Radio-tracking
Cats & Other Carnivores
by Dr. Carlos López González
Aileen from the Murray Language Academy asks: 'Is
it hard finding the wild cats even with the traps and
advances in technology?' The answer is definitely 'yes.'
These cats are very shy and elusive animals.
The box traps, camera photos, and tracks left in scent
stations help us to make estimates about numbers of
animals, their diversity, and their physical condition.
However, we really do not know much about what they
do or where they go the rest of the day or night. There
is a whole lot more to be learned.
Collaring animals with radio transmitters and then
tracking them 24 hours a day has been a tremendous help
to us in finding out more about their daily activity
patterns. So far, we have been able to radio-collar
and track ocelots, jaguarundis, coyotes, gray foxes,
coatimundis, pygmy spotted skunks, and hog-nosed skunks
using transmitters.
In the photo, you see a collared coyote.
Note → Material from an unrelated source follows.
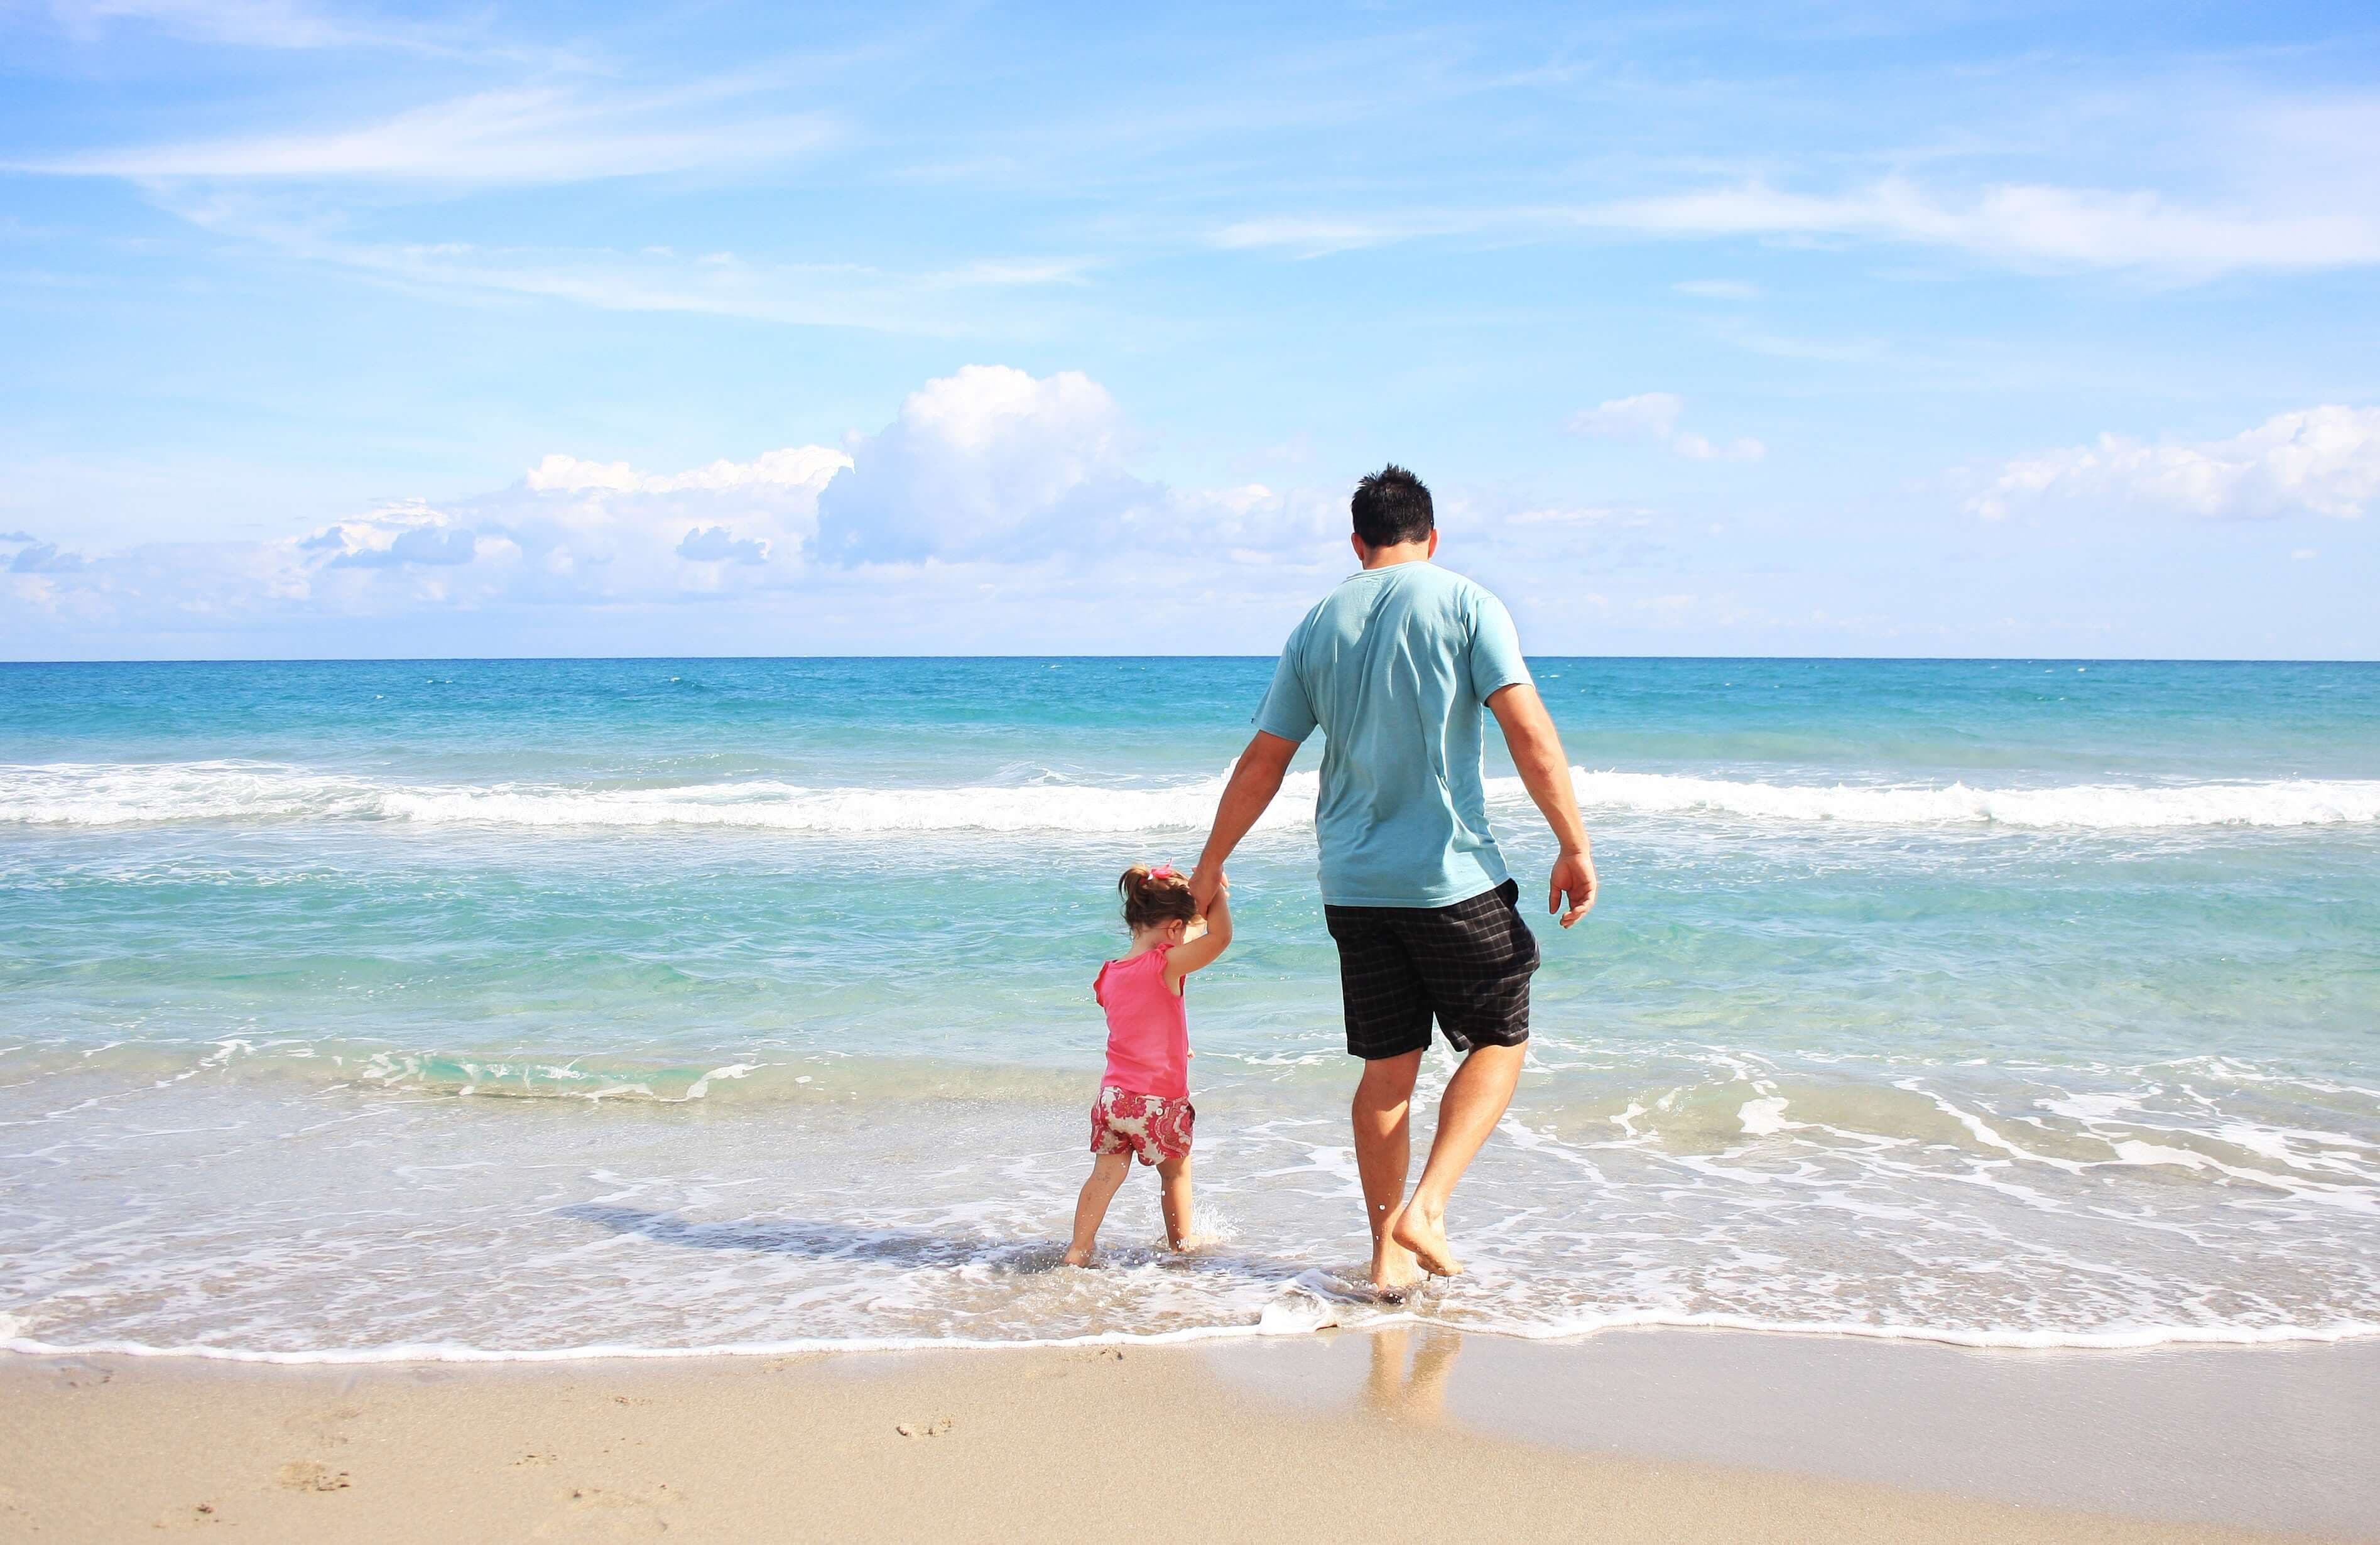 A father and young daughter walk along a beach

The collar
contains a small radio transmitter that beeps signals
that can be picked up by a radio receiver and antenna.
Depending on how loud the beeps are, we can figure out
the animal's direction and take a compass bearing. With
a compass reading from another hilltop taken at the
same time, we can determine through a process called
'triangulation' the exact location of the animal.
Through recording compass locations and triangulation
data over a 24-hour period, we have found out a lot
about the home ranges of different animals and the distance
they travel each day. For example, you can compare the
daily distances we've calculated for each of the animals
below:
coyote: 12 to 20 km
ocelot: 6.45 km
coatimundi: 3.5 km
pygmy spotted skunk: 1.48 km
Through radio tracking we have also discovered three
resting areas for ocelots two located along drainages,
and one under a human-built culvert.
We have also been able to find out more about the
areas of the forest that different animals use more
frequently and the extent that their territories overlap.
For example, ocelots appear to be using more of the
dense cover of the forest. Coyotes are using less of
the forest than expected, and more of the grasslands.
All of this information will help us better manage
the forest resources for conservation of wild cats and
other animals.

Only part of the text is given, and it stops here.